> **Prompt**
Please copy the lines below, exactly as they are, from the one with "Resultado de imagen" through the one with "In Muffinformen sind", and leave out the pictures.

> **Provided material**

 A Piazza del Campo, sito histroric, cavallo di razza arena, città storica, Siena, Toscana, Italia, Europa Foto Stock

---

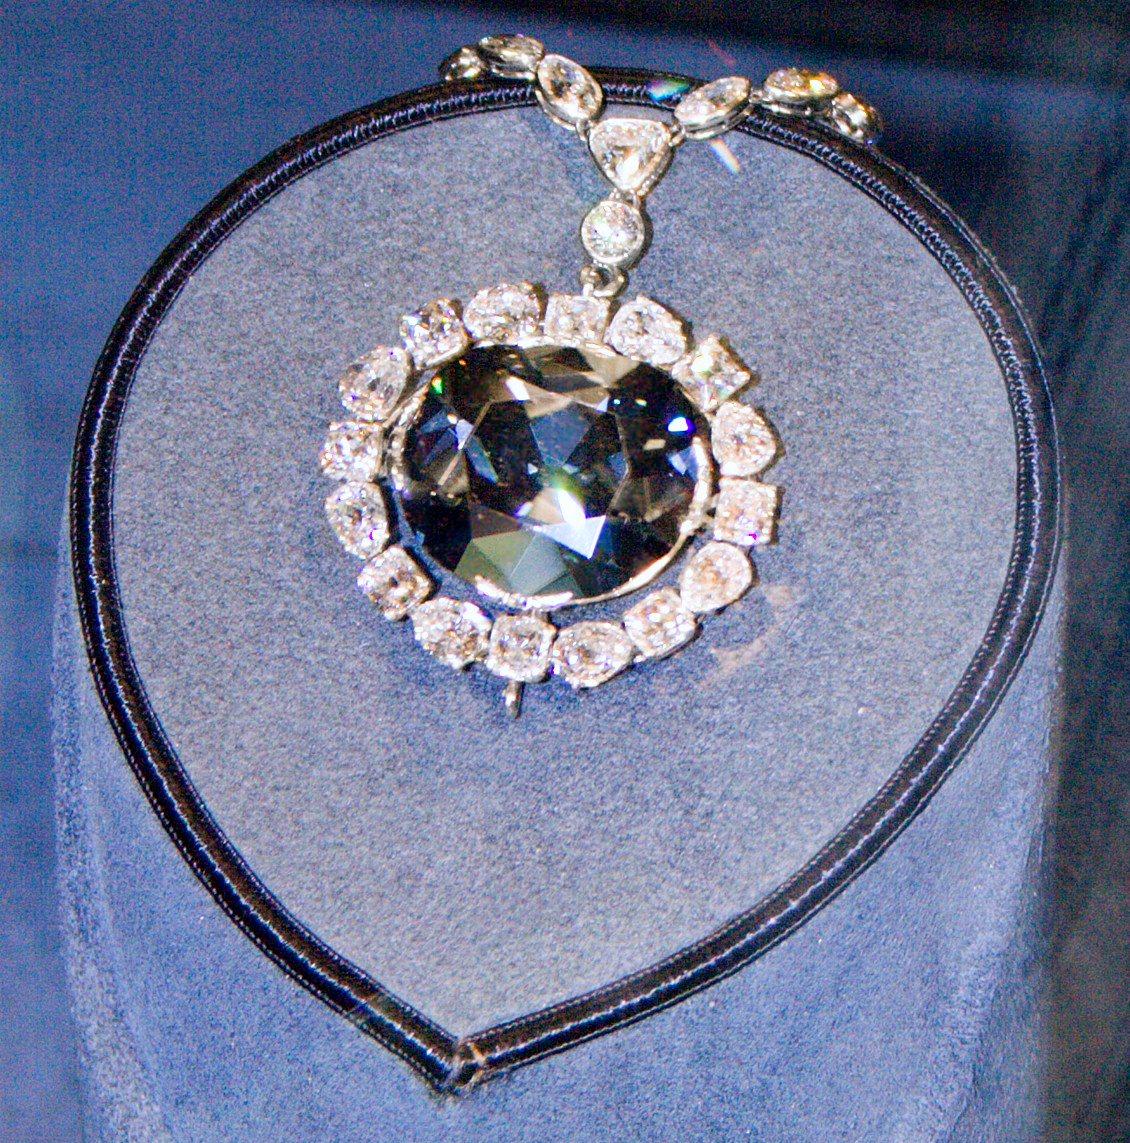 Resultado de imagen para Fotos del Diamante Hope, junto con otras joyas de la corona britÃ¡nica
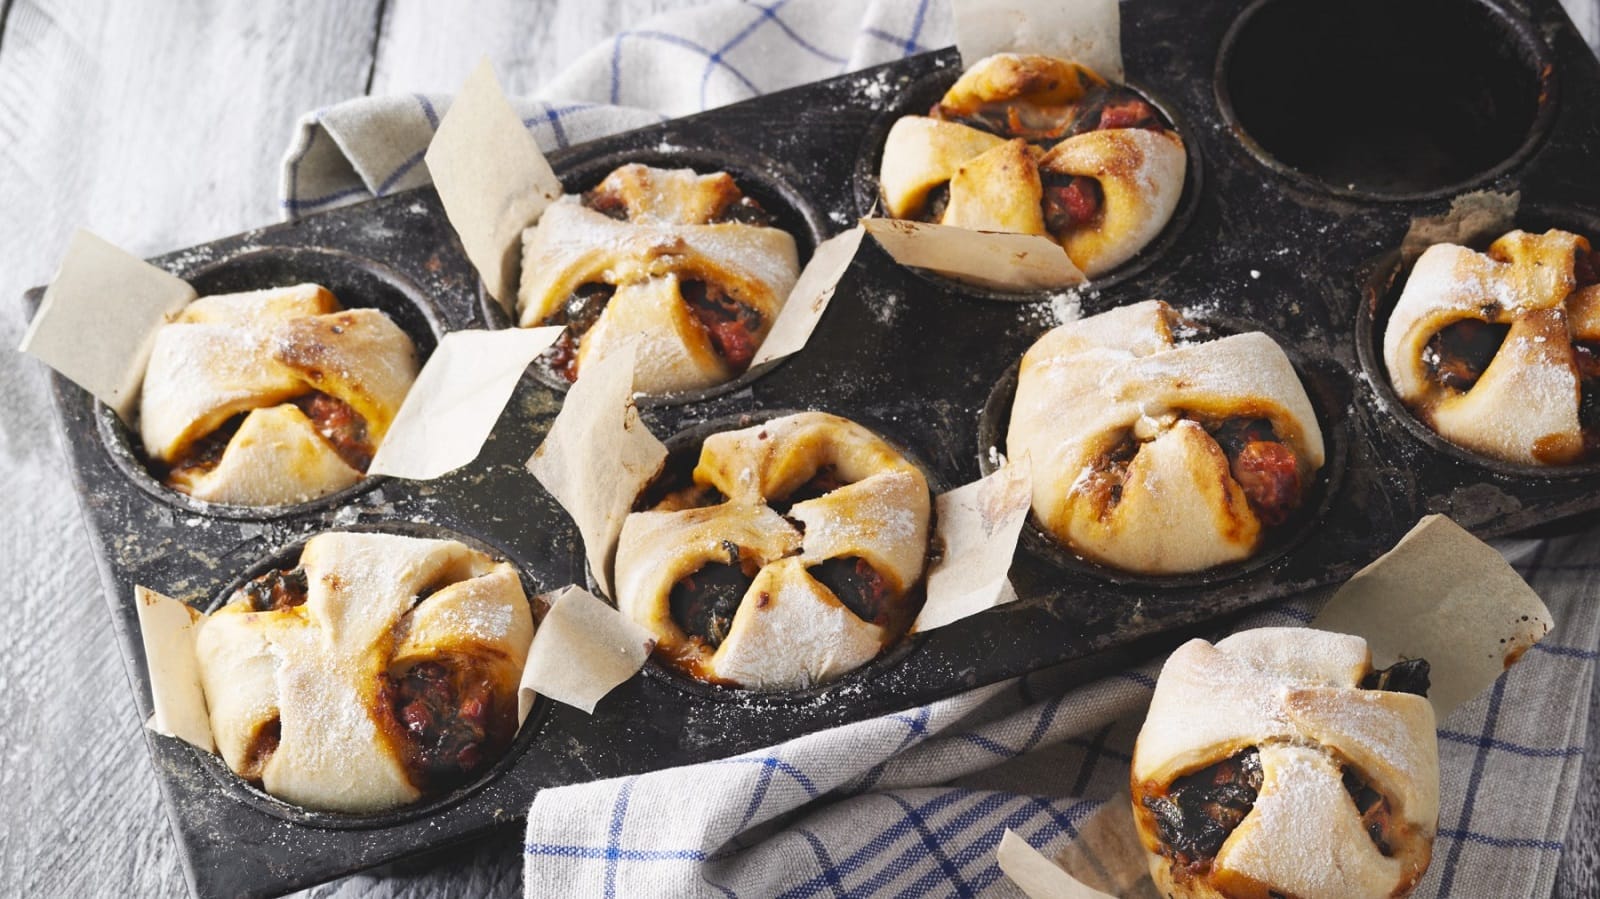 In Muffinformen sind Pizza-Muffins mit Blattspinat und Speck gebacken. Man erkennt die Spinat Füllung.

> **Exercise response**
 Resultado de imagen para Fotos del Diamante Hope, junto con otras joyas de la corona britÃ¡nica
 In Muffinformen sind Pizza-Muffins mit Blattspinat und Speck gebacken. Man erkennt die Spinat Füllung.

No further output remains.